Поезд с депутатами Государственной думы прибыл в Псков лишь около десяти часов вечера, составленный из одного вагона, прицепленного к тендеру паровоза. Их встречали случайные люди, был одинокий выкрик «ура», а какой-то пьяненький даже спел: «На бой крявявый, святый и прявый…» Я стоял поодаль от свиты, но уже тогда мне в голову пришла мысль, что Гучков и Шульгин – попросту самозванцы, берущие на себя право говорить от имени всего русского народа. Из вагона сначала выскочили два подозрительных солдата с винтовками, украшенные пышными красными бантами, за ними, косолапо ступая, вышел Гучков, а потом и Шульгин в котиковой шапке. Чувствовали они себя так неловко, как люди, испытывающие нужду, но стесняющиеся спросить: «А где здесь… это самое?» Почему-то думцы надеялись, что их проведут в штаб Рузского, но граф Фредерике взмахом руки указал на ярко освещённый вагон царя:

– Извольте сюда – государь давно ждёт…

Мне бы, наверное, лучше не торчать тогда на перроне, куда меня влекло обычное любопытство, ибо Гучков, проходя мимо, вдруг замер. Он узнал меня и с каким-то гадливым выражением на лице удивлённо протянул слова:

– Ах, это вы… вот где? Уже в Ставке… ладно…

Сцена отречения императора описана во множестве книг, и потому нет никакого смысла повторять то, что давно всем известно. Помимо царя, в его «голубом» вагоне был министр двора Фредерике, много плакавший, генерал Рузский, слезинки не обронивший, Кирилл Нарышкин, сурово молчавший, и другие лица свиты. Я тоже имел право присутствовать при этом историческом спектакле, но Воейков приставил к дверям вагона коменданта-Гомзина, который раскинул передо мной руки:

– Александр Иваныч просил больше никого не пускать…

Я не сразу сообразил, что Гучков – на правах военного министра – уже начал распоряжаться в Ставке, как у себя дома, и мне на миг стало даже смешно от такой его прыти.

– Передайте Воейкову, что в одной из лавок Пскова я случайно видел обои… как раз такие, какие он искал.

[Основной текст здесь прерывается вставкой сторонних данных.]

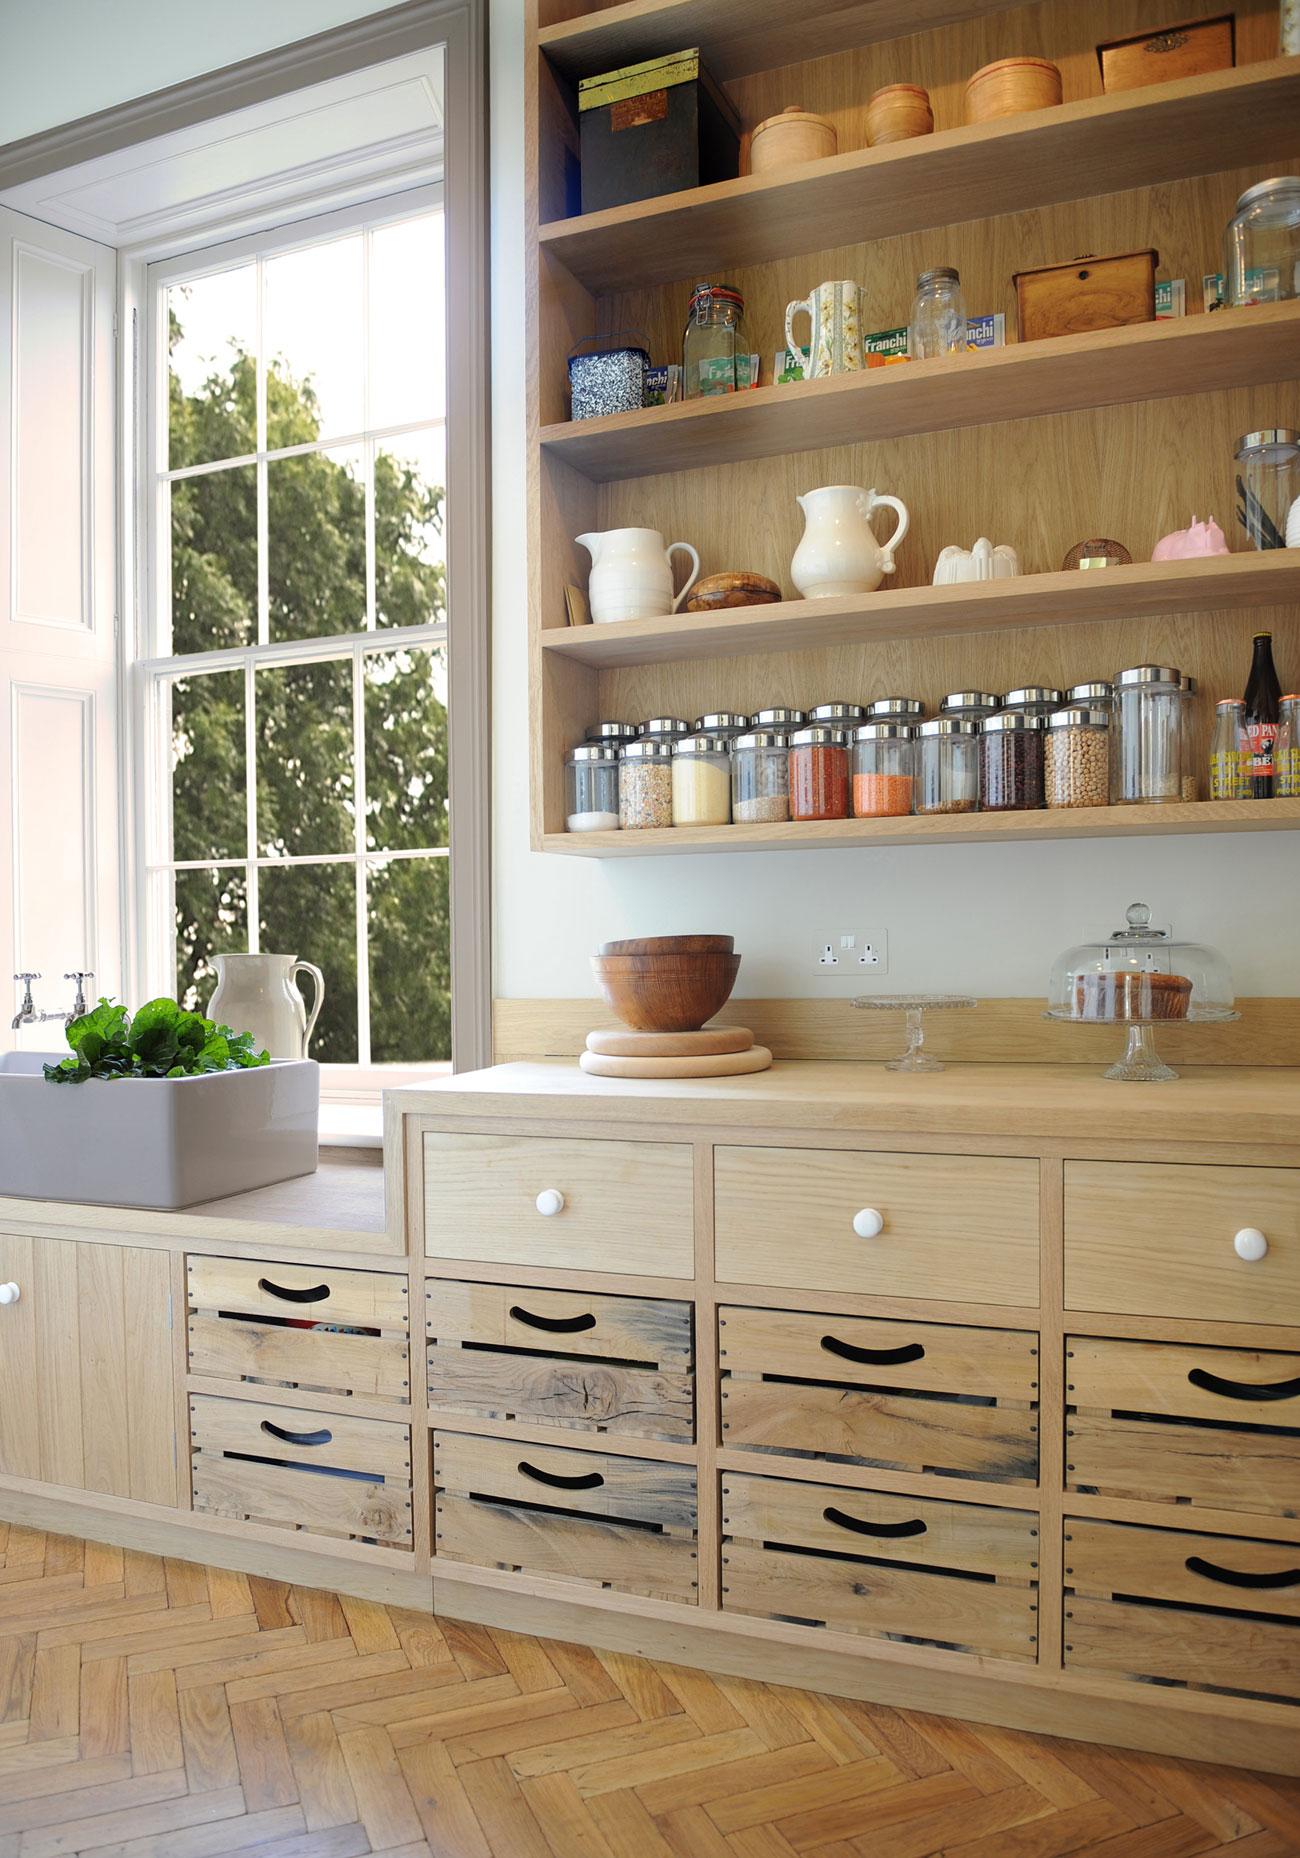 Mutfakların iç mekanları. Öz-tasarım için birkaç ipucu 33

С этим я удалился, но в конце спектакля всё-таки досмотрел его финальную сцену, которую великолепно разыграл Гучков после подписания царём отречения. Появясь из вагона и увидев людей, он, не сходя с тамбура, произнёс краткий спич:

– Русские люди, обнажите головы и перекреститесь, как положено православным… Только что государь-император сложил с себя тяжкое царское бремя, и отныне наша великая Русь вступает на новый путь демократического обновления…

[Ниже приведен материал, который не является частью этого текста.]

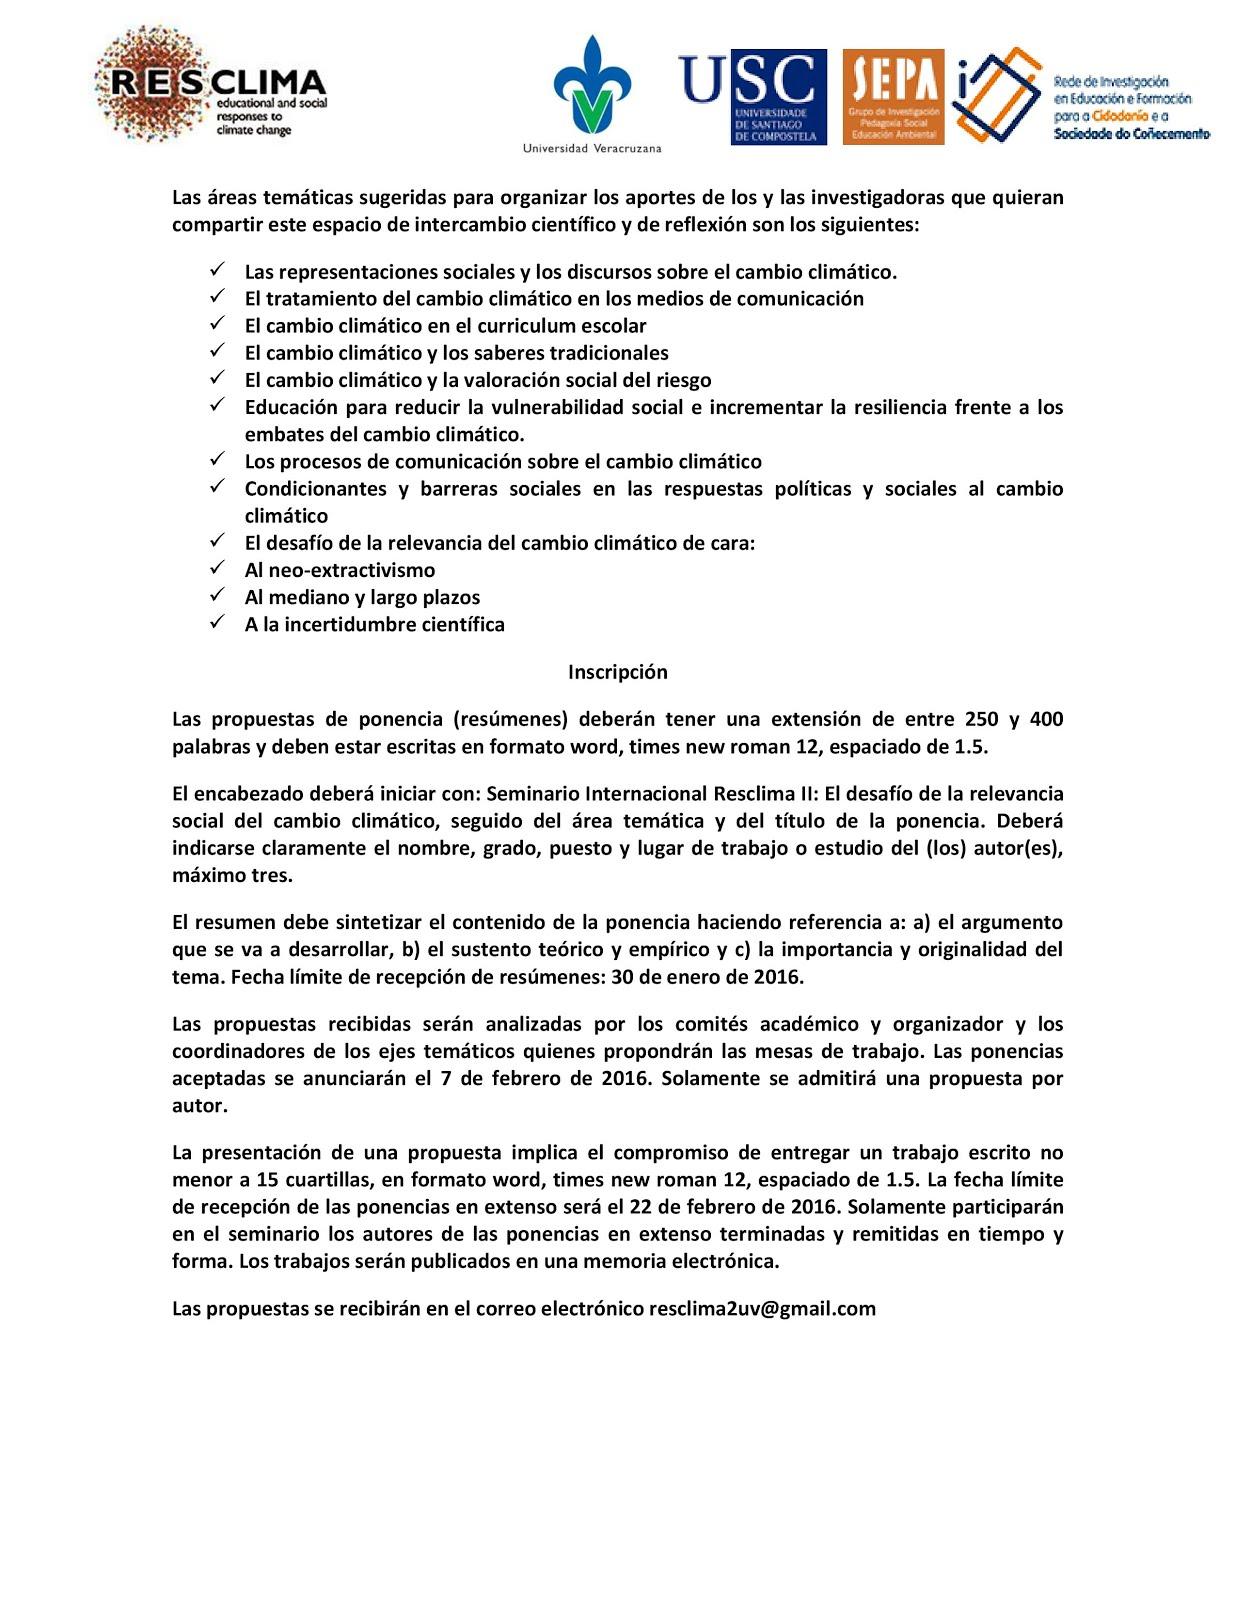 Édgar J. González Gaudiano: Invitación al II Seminario Internacional ...

Чёрт меня дёрнул снова попасться ему на глаза!

И опять, следуя мимо, Гучков возле меня запнулся:

– О, уже генерал-майор… быстро, быстро вы скачете! Впрочем, хвалю служебное рвение… буду вас помнить!

Ночью в пятницу, 3 марта, оба литерных А и Б повернули назад – в Могилёв. Я сидел в купе, бездумно листая последний номер журнала «Солнце России», и не знал того, что через сутки после нашего отъезда на путях Пскова остановился вагон Бонч-Бруевича, в советах которого я так нуждался… Перрон могилевского вокзала, как обычно, был ярко освещён электрическими фонарями. Свет их казался неестественно мёртвым, а фигура Алексеева, отдающего честь свергнутому императору, выглядела игрушечной, омертвелой. Помнится, я сказал Цабелю:

– Сергей Александрыч, не кажется ли вам, что это лишь начало, в котором и конца не видно? «Временные» так и останутся временными, но русские качели будут раскачиваться и далее, а кому-то из нас лететь с них прямо в крапиву.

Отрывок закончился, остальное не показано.